Trauffer kehrt zurück nach Brienz

Text: Sandy
Bilder: musicbild.li
Trauffer live am Brienzersee Rockfestival 2008
„Mängisch isch es eifach besser, me lat Tröim nur Tröim la sii, so bliebe si für ewig…“, singt Marc A. Trauffer auf seinem ersten Solo-Album „Pallanza“. Als Frontmann von Airbäg konnte er einen erfolgreichen Traum ausleben, hat ihn aber auch abrupt beendet.

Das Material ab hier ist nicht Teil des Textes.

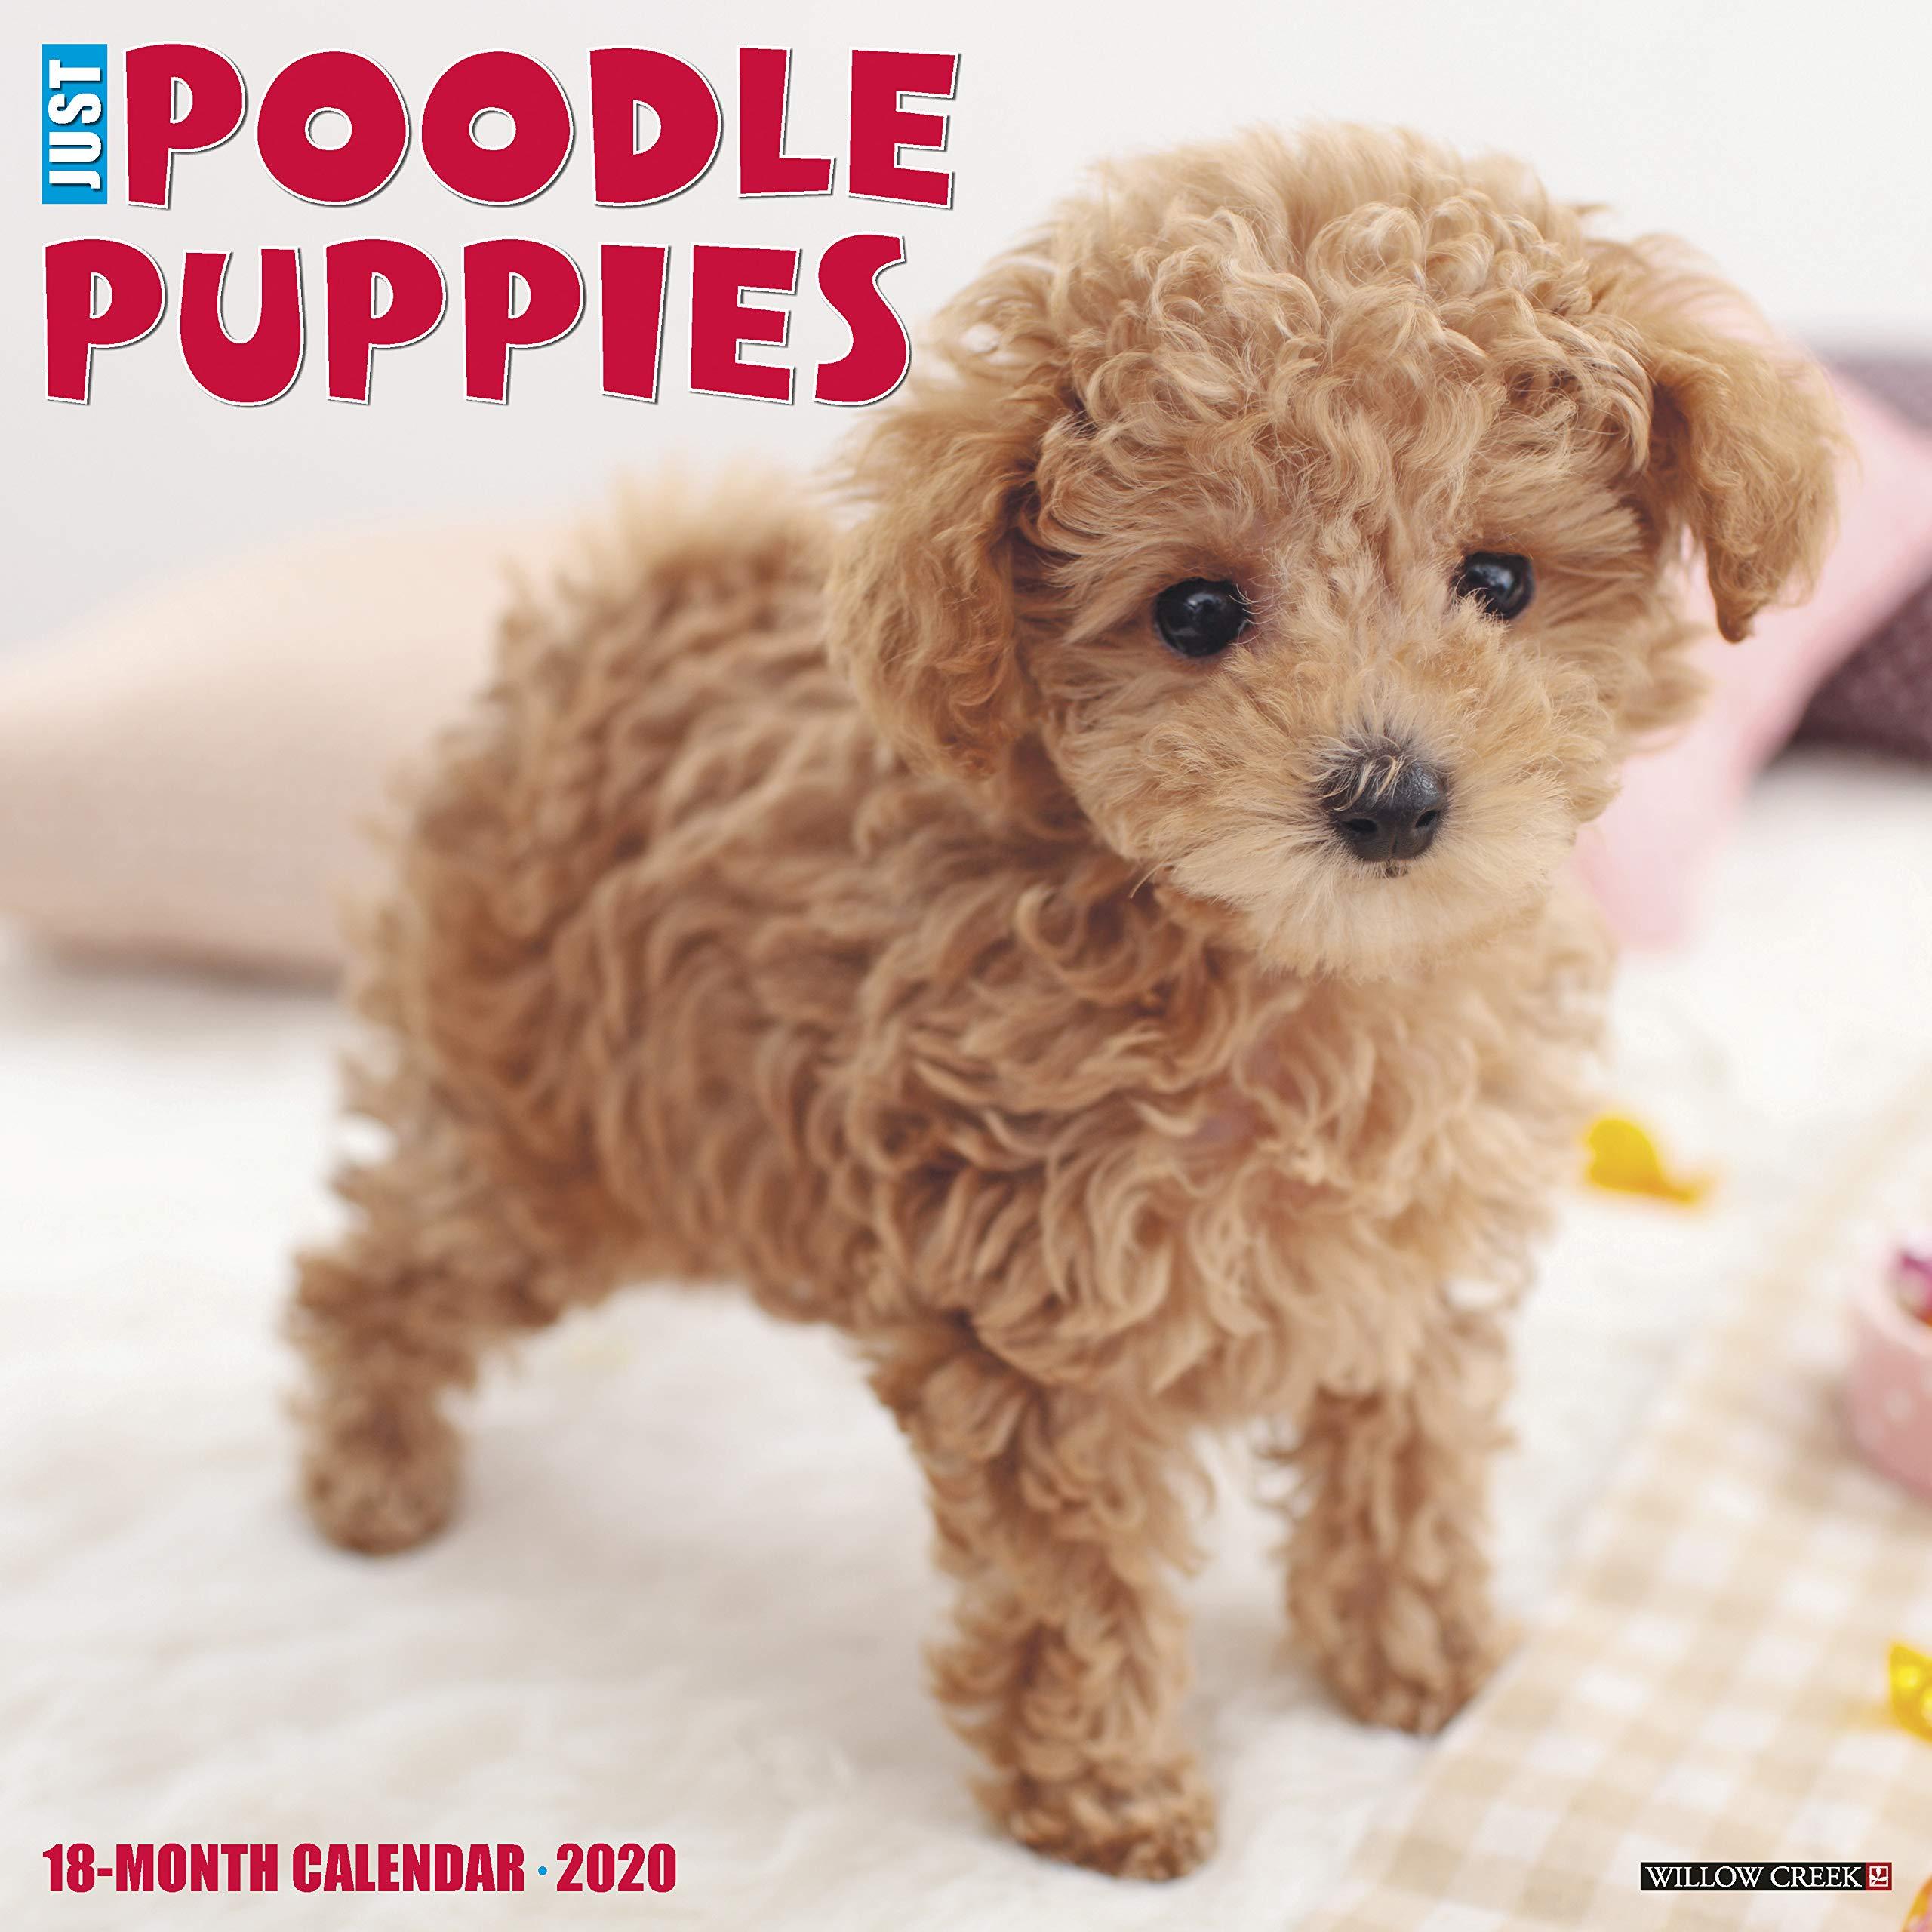 Just Poodle Puppies 2020 Wall Calendar Dog Breed Calendar Willow Creek Press 0709786051724 Amazon Com Books
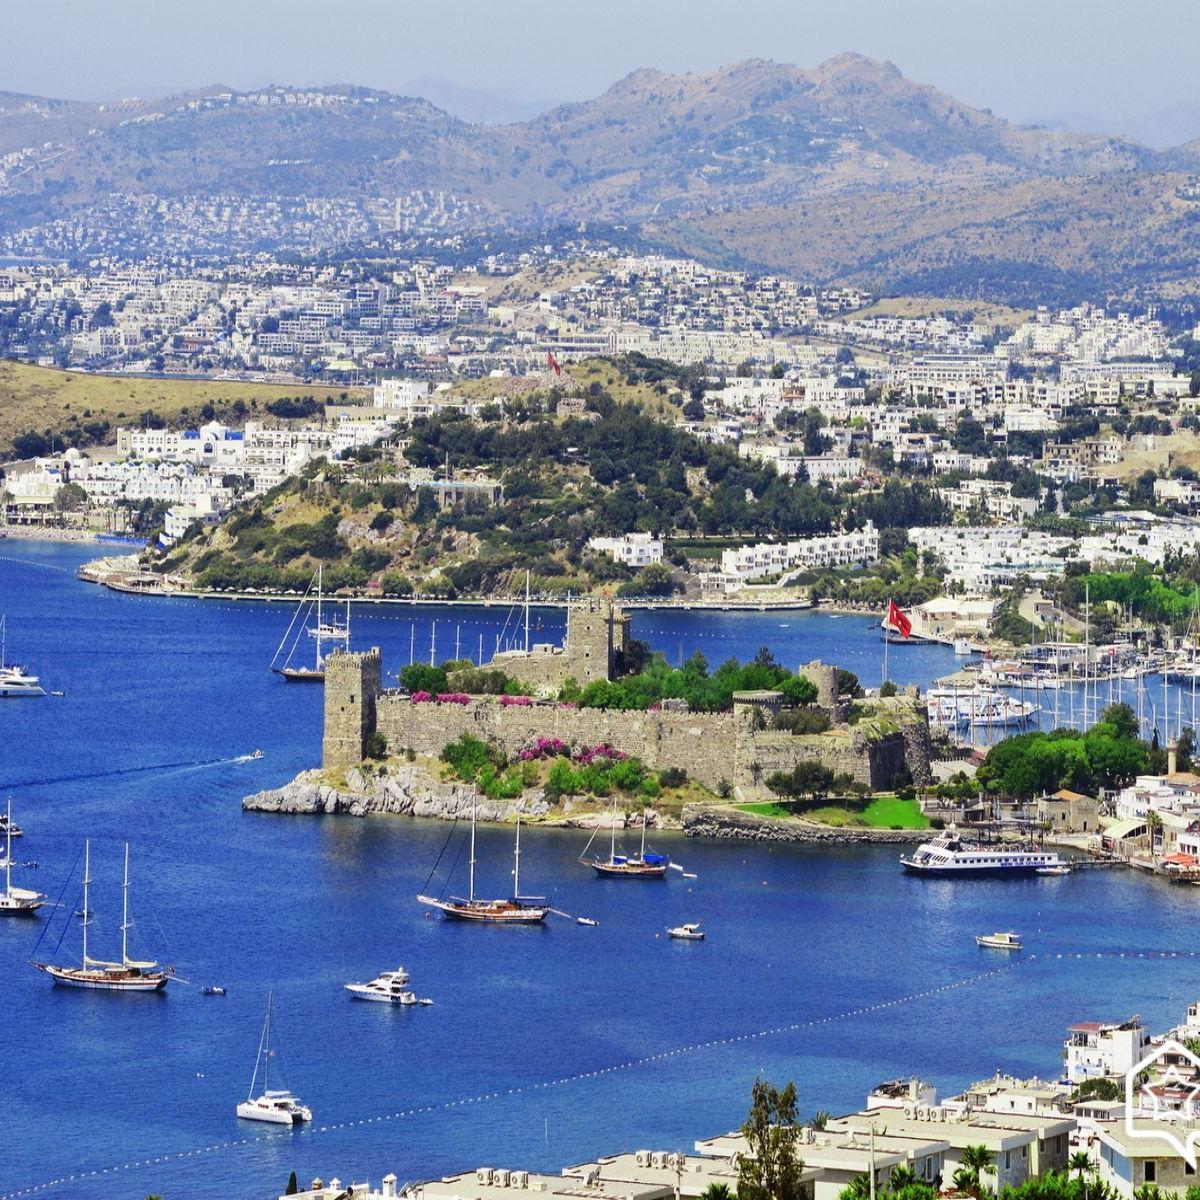 Bodrum, Türkei: 6 Nächte, 2 Personen inkl. Flüge & Transfer ab 91 € pP (Last Minute )

Nun hat er seine damalige Zeit losgelassen und einen neuen musikalischen Weg gefunden. „…doch was wär mi graui Alltag, ohni Gedankenflücht und Wünsch, de machi eifach d Ouge zue u mii Hoffnig überstiigt der Horizont“, lautet die Textpassage im Song „Maa ufem Mond“ weiter. Genau dort am Horizont strahlt noch ganz frisch sein neues Musik-Licht, welches sich schlicht und einfach Trauffer nennt. Ende Juli ist „Pallanza“ auf den Markt gekommen. Anfang August gab er zusammen mit seiner neuen Band sein drittes Konzert. Es war ein Zurückkommen auf die Rockbühne, die ihm am meisten bedeutet. Denn sie steht nur ein paar Kilometer von seinem Daheim in Hofstetten entfernt – am Brienzersee Rockfestival.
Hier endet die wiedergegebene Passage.